What is the probability of students cheating?
I found myself asking this question quite literally recently, when 10
of my students in an upper-level undergraduate methods course turned
in identical results for a take-home exercise. Of course, on some
exercises I expect students to produce identical findings, such as
when I ask for the mean and variance of a particular variable. In
this case, however, I had asked students to produce a new random
variable and to summarize its values in a frequency distribution. My
initial reaction was to suspect the students of collaborating on the
exercise (contrary to my syllabus and the assignment's
instructions), though the number of students who produced identical
results—10 out of a class of 30—made me skeptical that so many
students could conspire so effectively. The very nature of the
students made it unlikely that they collaborated together. I teach
at a large public-service university, with students that represent a
broad variety of backgrounds, nationalities, interests, and ages.
The course also is cross-listed among disciplines, so the 10
students included both political science and geography majors. My
review of the names of the 10 students persuaded me that it was
highly unlikely that they cheated.
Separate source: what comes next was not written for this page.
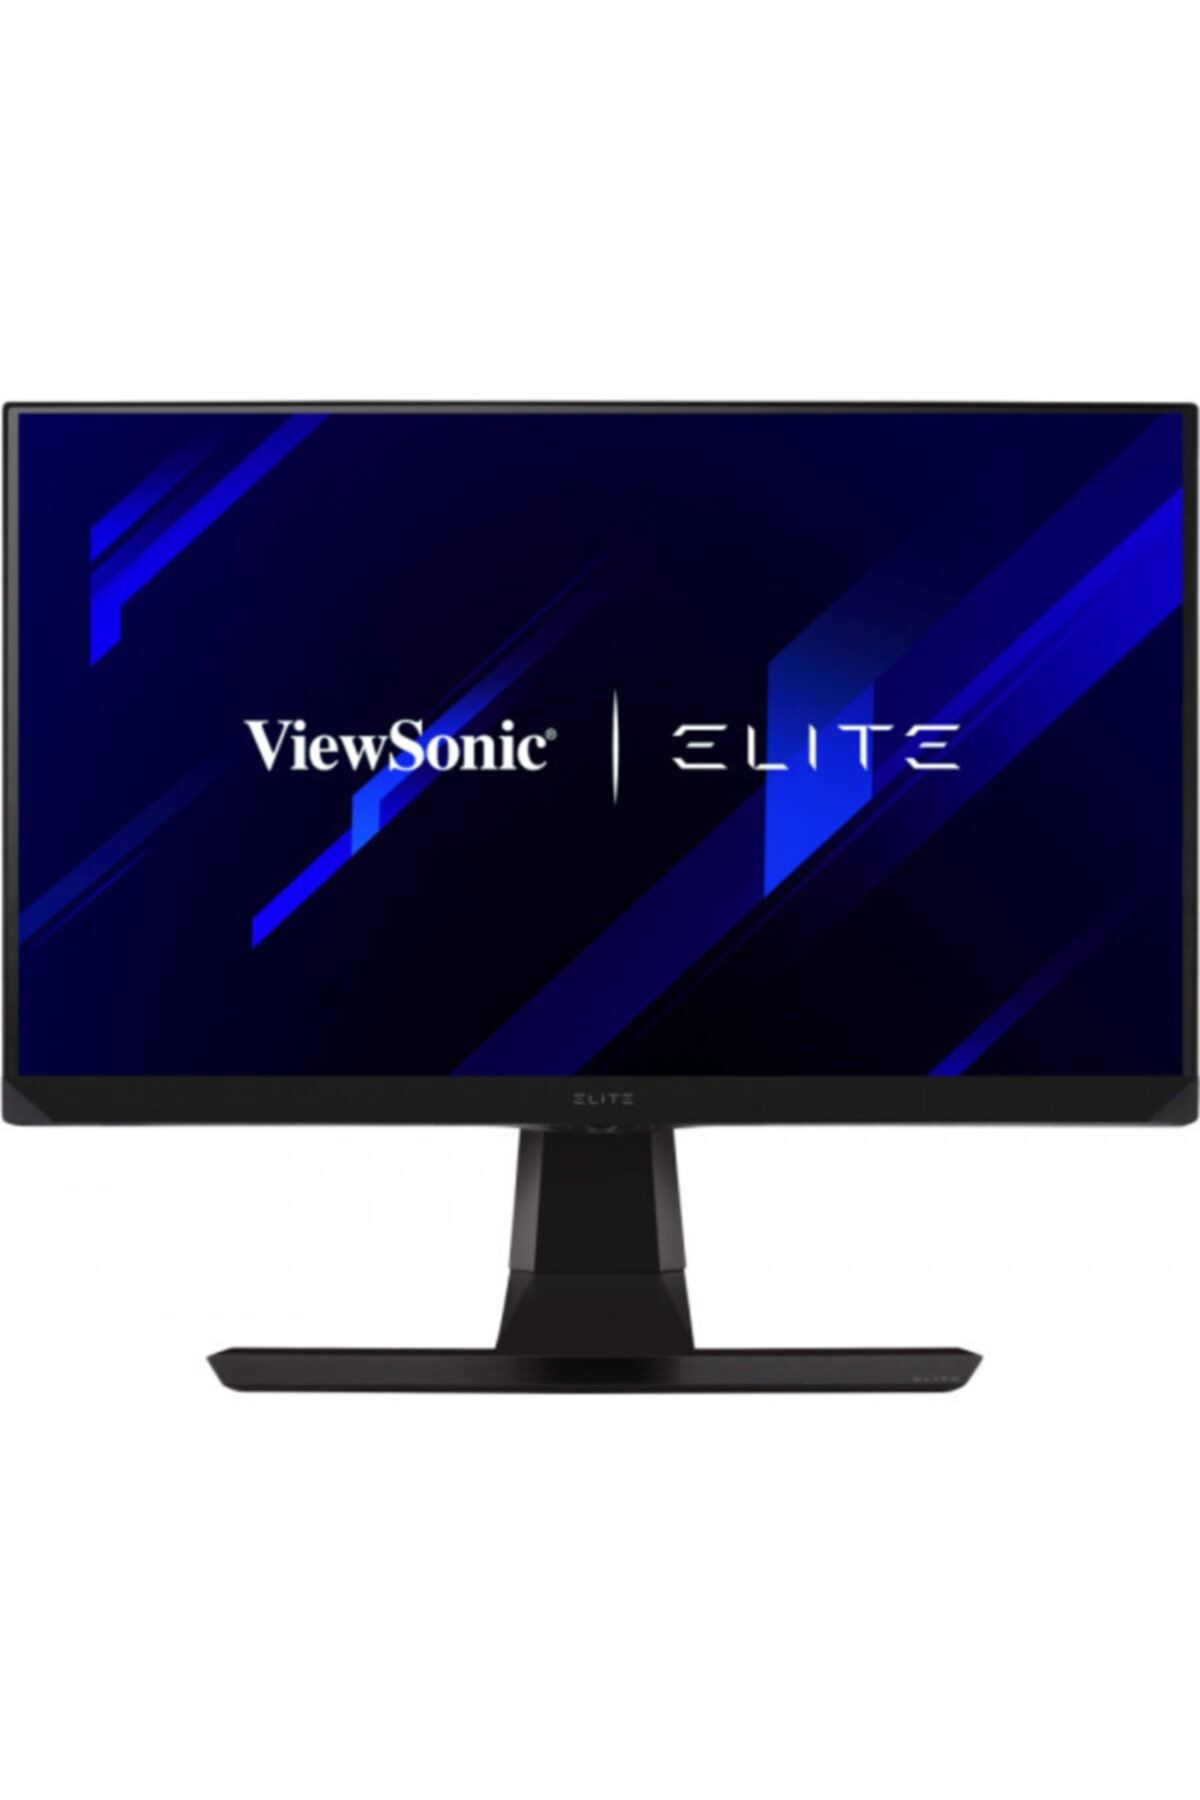 ViewSonic Elite XG270 27" 1ms Full HD G-Sync IPS Siyah Oyuncu Monitörü (ViewSonic Türkiye Garantildir)

I have found, furthermore, that
many students will not voluntarily work in groups. So how did this
diverse group of students produce an identical “random”
variable?
My investigation of this question took me well beyond issues of
student conduct. To answer the question to my satisfaction, I found
I had to understand how campus computer networks operate and
ultimately how the statistical software my students use works. My
journey took me into the arcane world of “random” numbers in
computers, and required me to understand how statistical software
generates so-called pseudo-random numbers. When I finally found an
answer to my puzzle, I learned that the problem was not with my
students, but with the software on which we all rely for research
and, increasingly, pedagogy. Many researchers today know there is no
such thing as a computer-generated truly random number. Although
many political scientists know this has profound consequences for
their work—whether for sampling purposes or Monte Carlo
experiments—to my knowledge instructors of quantitative methods
courses have given little thought to its implications in the
classroom. For one, it is easy and tempting to mistake the problems
of pseudo-random number generation for student malfeasance. For
another, it speaks to the students' (and instructor's) conceptual
grasp of the slippery idea of “randomness.” For this reason, I offer
my own experience as a cautionary tale.